While Vinegar Syndrome’s meticulous dedication to conserving the films in their care gave them the means necessary to provide this best possible presentation, Tsukerman furnished them with excellent raw material. All of the company’s restorations start with scanning a 35mm negative to 4K on an ARRISCAN to get the purest image possible. Tsukerman used a duplicate of his negative in the form of a CRI (color reversal intermediary) to run prints, an uncommon practice. Since a negative used to make prints typically degrades with each print run, the untouched original offered what Rubin called, “one of the greater negatives we’ve worked with recently.”

Director of Photography Yuri Neyman joined forces with Vinegar Syndrome to make the film’s vibrant colors pop once again. As 20-something model Margaret (Anne Carlisle, who co-wrote the film) strikes back against the abuse hurled at her by the downtown fashion scene of early 1980s New York City, she moves through sets punctuated by splashes of deep fuchsia, vivid lime green, and stunning sky blue. Scenes at the new wave nightclub where Margaret participates in avant-garde fashion shows and her girlfriend Adrian (Paula E. Sheppard, who is hands-down the best part of the film) exhibits her bizarre performance art also stun like never before, with bright flashes of neon piercing darkness in syncopated explosions of warm color. As someone who has only seen the film in deteriorating 35mm prints, I can honestly say that the newfound crispness of the restoration’s visuals makes Liquid Sky feel like another movie.

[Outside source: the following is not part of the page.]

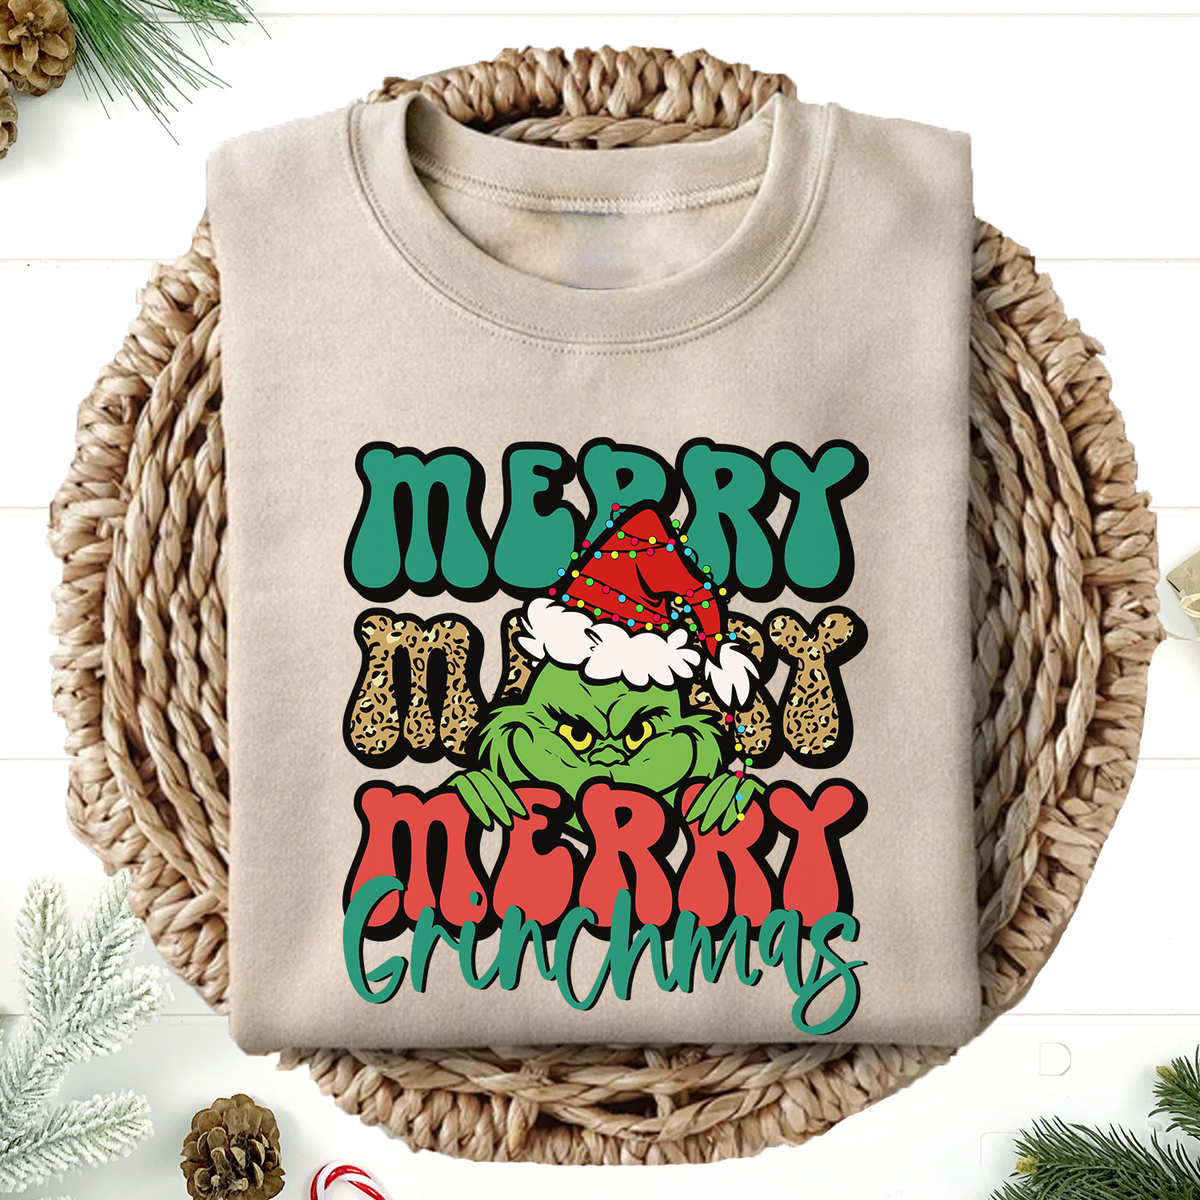 LIMITED DESIGN - Merry Merry Merry Grinchmas Christmas Sweatshirt

Just as the duplicate negative was a boon to the restoration’s visuals, Liquid Sky’s distinctive electronic soundtrack — composed on a Fairlight CMI digital synthesizer by Tsukerman in collaboration with Brenda Hutchinson and Clive Smith — likewise received a boost from the director’s fastidious archive-keeping. Tsukerman had the soundtrack’s magnetic tracks, which offered more range and depth than the typically used optical track negative.

Any apparent novelties in the restoration’s visuals or sound are meant to hew more closely to the images of Liquid Sky’s initial release. However, due to transfer errors in the home video releases that helped filmgoers fall in love with their favorite films, fans can sometimes perceive a restoration’s fidelity as error.

“What people have seen isn’t actually the way [a film] was always supposed to be seen and heard,” Rubin said. “In the same way there are going to be people who will complain about the changes that could be inflicted on a film if it’s not restored properly, there are also people who are going to look back at the inferior quality versions that they’re familiar with and say, ‘Well this is what I’m accustomed to. Why does it not look that way anymore?’”

Despite the possibility of a few rabid fans pining for the idiosyncrasies of their first viewings, Liquid Sky is finally poised to receive wider recognition for its notable impact on American visual culture with image and sound fully restored to the majesty that audiences experienced in 1982. Make-up artist Marcel Fiévé’s design for Margaret’s look and the colorful, angular costumes created by Marina Levikova-Neyman are cited as a sartorial influence on contemporary pop-stars like Karen O, Kesha, Lady Gaga, and Sia. As the film circulates among a new generation of cinephiles, Liquid Sky’s circle of visual influence has the potential to expand, bolstered by the fact that audiences will get their first clear look at the film in over 30 years.